We
investigated the reaction of O(3P) with cyclopentene
at 4 Torr and 298 K using time-resolved multiplexed photoionization
mass spectrometry, where O(3P) radicals were generated
by 351 nm photolysis of NO2 and reacted with excess cyclopentene
in He under pseudo-first-order conditions. The resulting products
were sampled, ionized, and detected by tunable synchrotron vacuum
ultraviolet radiation and an orthogonal acceleration time-of-flight
mass spectrometer. This technique enabled measurement of both mass
spectra and photoionization spectra as functions of time following
the initiation of the reaction. We observe propylketene (41%), acrolein
+ ethene (37%), 1-butene + CO (19%), and cyclopentene oxide (3%),
of which the propylketene pathway was previously unidentified experimentally
and theoretically. The automatically explored reactive potential energy
landscape at the CCSD(T)-F12a/cc-pVTZ//ωB97X-D/6-311++G(d,p)
level and the related master equation calculations predict that cyclopentene
oxide is formed on the singlet potential energy surface, whereas propylketene
is first formed on the triplet surface. These calculations provide
evidence that significant intersystem crossing can happen in this
reaction not only around the geometry of the initial triplet adduct
but also around that of triplet propylketene. The formation of 1-butene
+ CO is initiated on the triplet surface, with bond cleavage and hydrogen
transfer occurring during intersystem crossing to the singlet surface.

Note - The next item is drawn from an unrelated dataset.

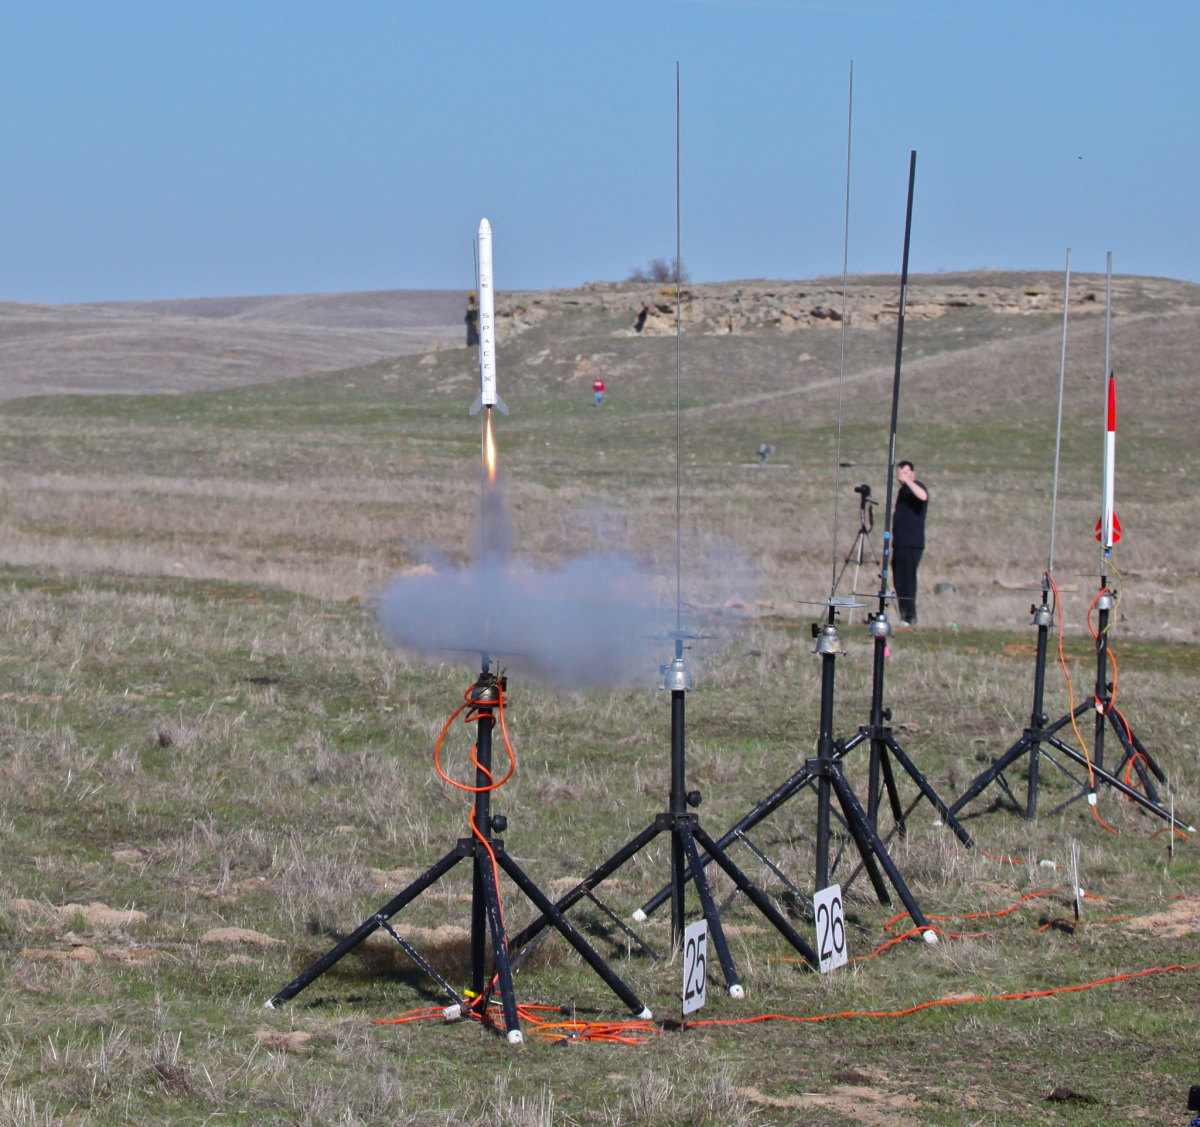 model-rockets-are-fun

At present, we are unable to explain the mechanistic origins of the
acrolein + ethene channel, and we thus refrain from assigning singlet
or triplet reactivity to this channel. Overall, at least 60% of the
products result from triplet reactivity. We propose that the reactivity
of cyclic alkenes with O(3P) is influenced by their greater
effective degree of unsaturation compared with acyclic alkenes. This
work also suggests that searches for minimum-energy crossing points
that connect triplet surfaces to singlet surfaces should extend beyond
the initial adducts.